Accordingly, the court will recommend that plaintiff's second amended complaint be dismissed for failure to state a cognizable Eight Amendment claim.*fn2
V. State Law Negligence Claim
If these findings and recommendations are adopted, only plaintiff's state law claim for negligence will remain. Pursuant to 28 U.S.C. § 1367(a), in any civil action of which the district courts have original jurisdiction, the district courts shall have supplemental jurisdiction over all other claims that are so related to claims in the action within such original jurisdiction that they form part of the same case or controversy under Article III of the United States Constitution.
The court's discretion to decline jurisdiction over state law claims is informed by the values of judicial economy, fairness, convenience, and comity. Acri v. Varian Associates, Inc., 114 F.3d 999, 1001 (9th Cir. 1997). In addition, "[t]he Supreme Court has stated, and [the Ninth Circuit] ha[s] often repeated, that 'in the usual case in which all federal-law claims are eliminated before trial, the balance of factors . . . will point toward declining to exercise jurisdiction over the remaining state-law claims.'" Acri, 114 F.3d at 1001 (quoting Carnegie-Mellon Univ. v. Cohill, 484 U.S. 343, 350 n. 7 (1988)). As indicated above, it is being recommending that the federal claim over which this court has original jurisdiction be dismissed. Therefore, the court will also recommend that plaintiff's state law negligence claim be dismissed without prejudice to its refiling in state court.

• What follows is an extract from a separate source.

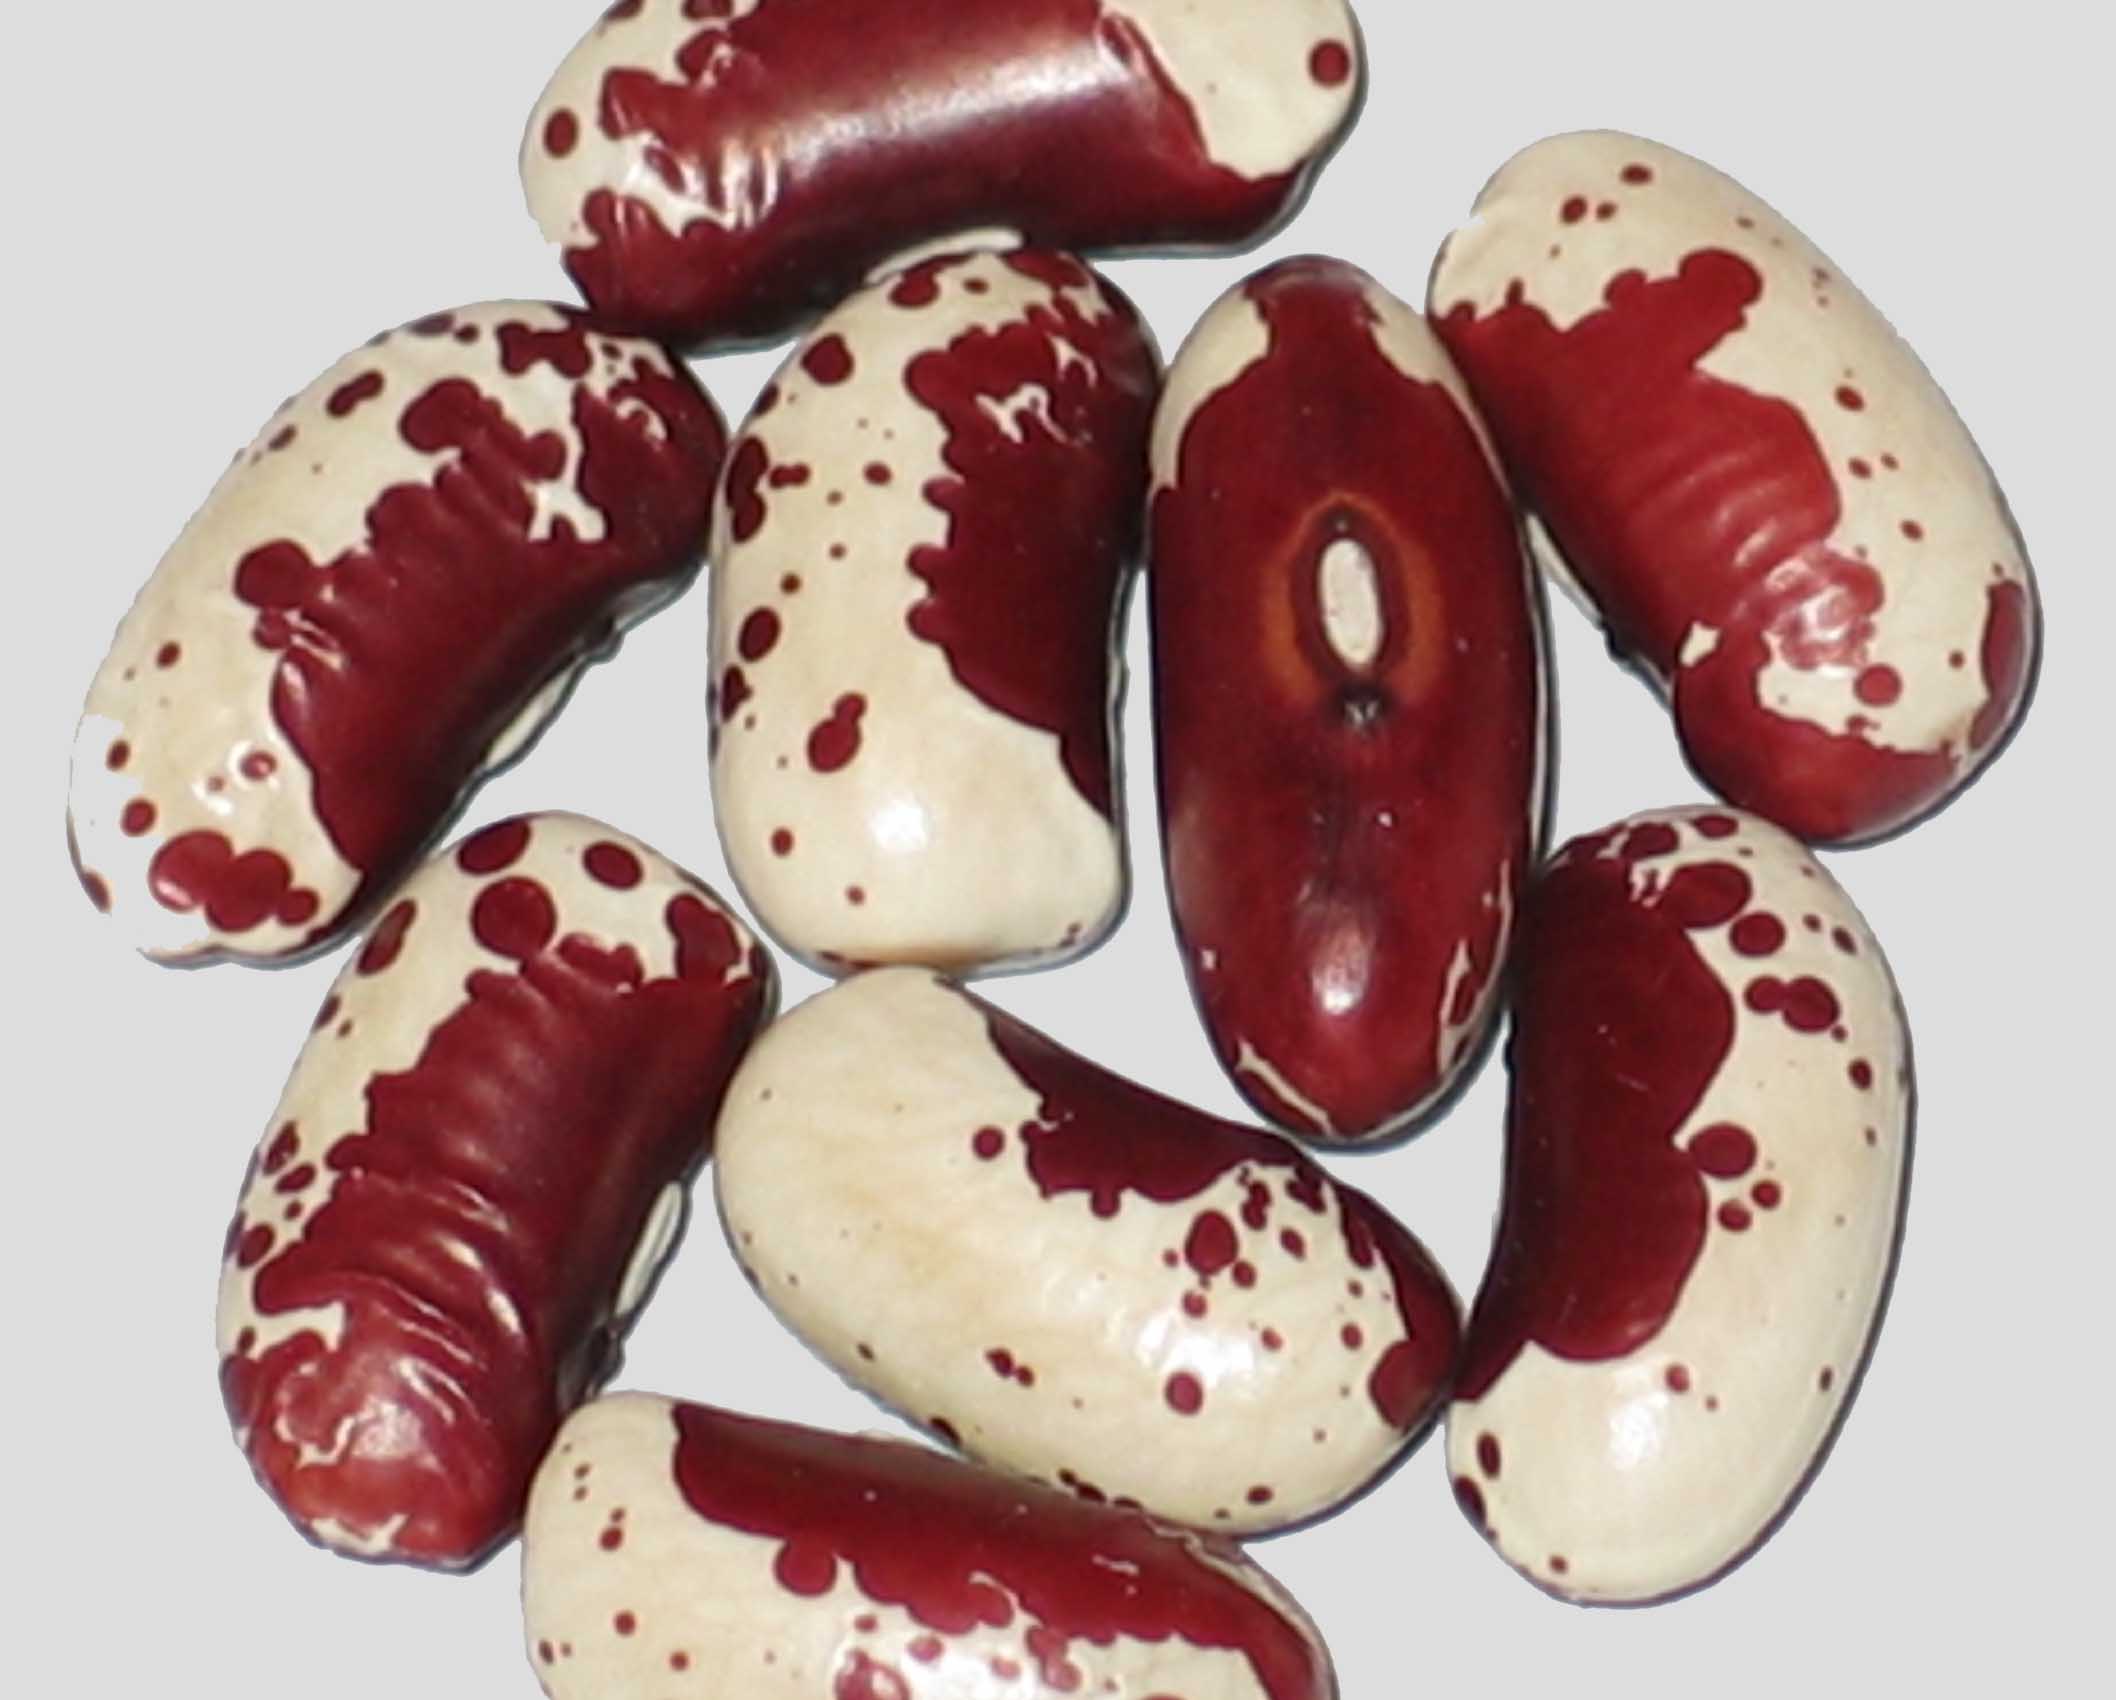 image of Jacobs Cattle Gasless beans
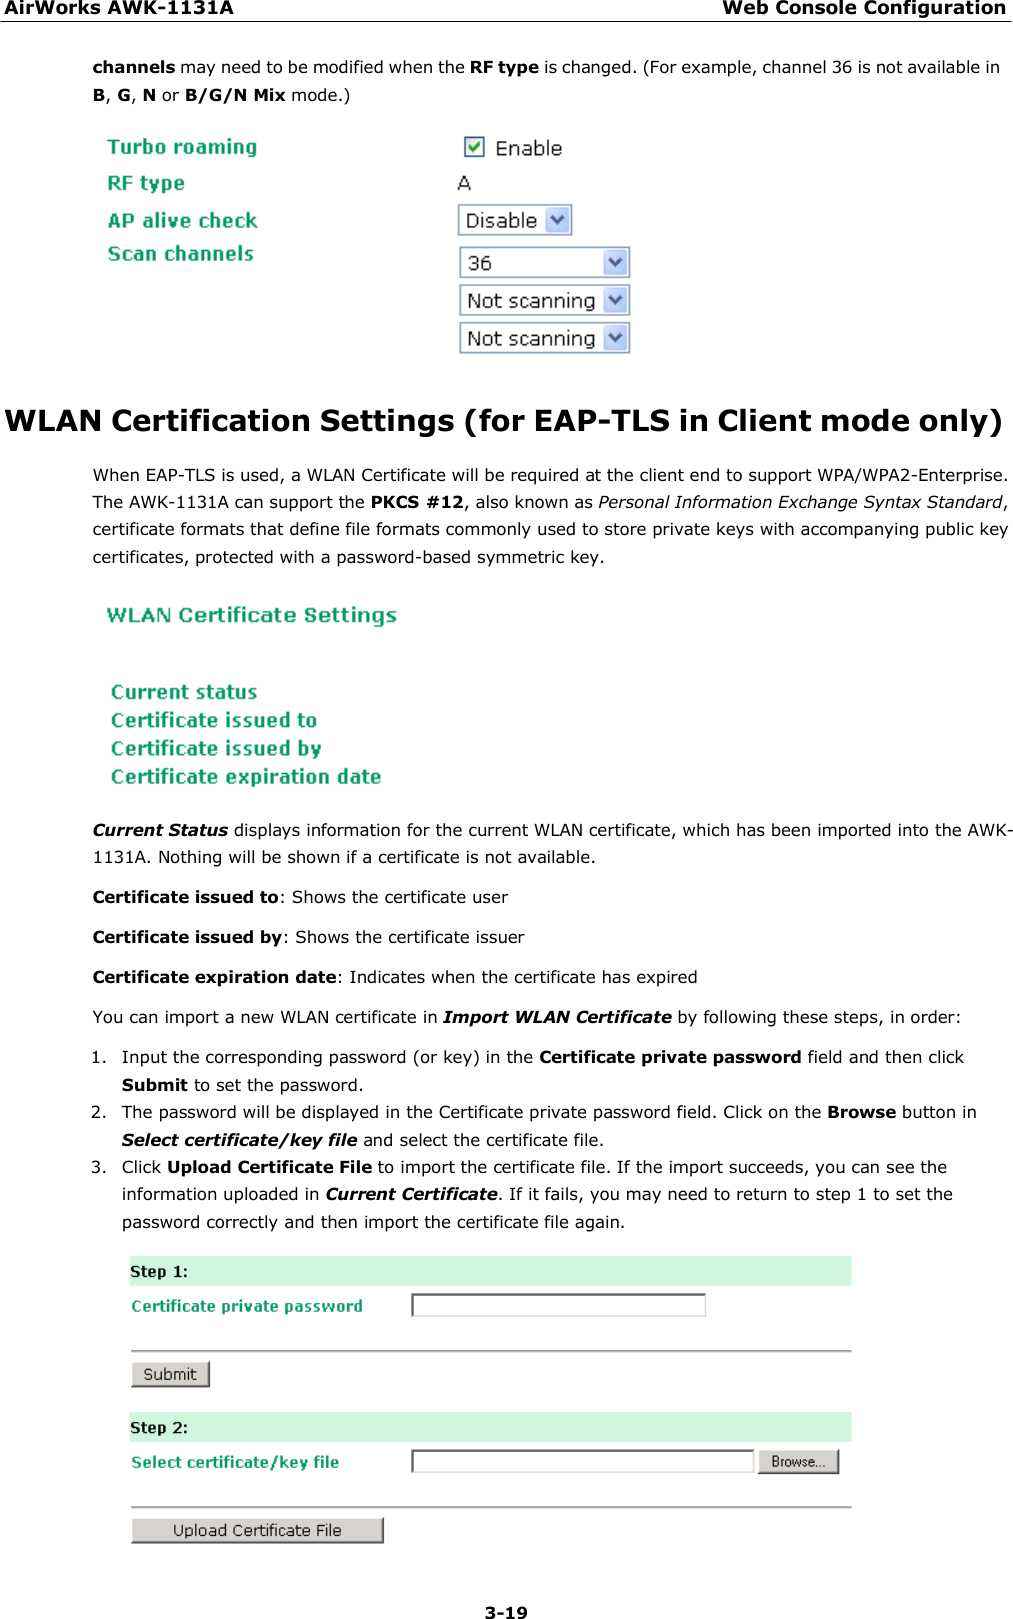 AirWorks AWK-1131A Web Console Configuration 3-19    channels may need to be modified when the RF type is changed. (For example, channel 36 is not available in B, G, N or B/G/N Mix mode.)     WLAN Certification Settings (for EAP-TLS in Client mode only)  When EAP-TLS is used, a WLAN Certificate will be required at the client end to support WPA/WPA2-Enterprise. The AWK-1131A can support the PKCS #12, also known as Personal Information Exchange Syntax Standard, certificate formats that define file formats commonly used to store private keys with accompanying public key certificates, protected with a password-based symmetric key.    Current Status displays information for the current WLAN certificate, which has been imported into the AWK-1131A. Nothing will be shown if a certificate is not available.  Certificate issued to: Shows the certificate user  Certificate issued by: Shows the certificate issuer  Certificate expiration date: Indicates when the certificate has expired  You can import a new WLAN certificate in Import WLAN Certificate by following these steps, in order:  1. Input the corresponding password (or key) in the Certificate private password field and then click Submit to set the password. 2. The password will be displayed in the Certificate private password field. Click on the Browse button in Select certificate/key file and select the certificate file. 3. Click Upload Certificate File to import the certificate file. If the import succeeds, you can see the information uploaded in Current Certificate. If it fails, you may need to return to step 1 to set the password correctly and then import the certificate file again.

In accordance with the above, IT IS HEREBY RECOMMENDED that:
1. Plaintiff's second amended complaint, filed November 8, 2010, be dismissed for failure to state a cognizable Eighth Amendment claim;
2. Plaintiff's state law claim be dismissed without prejudice to its refiling in state court. 28 U.S.C. § 1367(c)(3); and
3. This action be dismissed.
These findings and recommendations are submitted to the United States District Judge assigned to the case, pursuant to the provisions of 28 U.S.C. § 636(b)(l). Within twenty-one days after being served with these findings and recommendations, plaintiff may file written objections with the court. The document should be captioned "Objections to Magistrate Judge's Findings and Recommendations." Plaintiff is advised that failure to file objections within the specified time may waive the right to appeal the District Court's order. Martinez v. Ylst, 951 F.2d 1153 (9th Cir. 1991).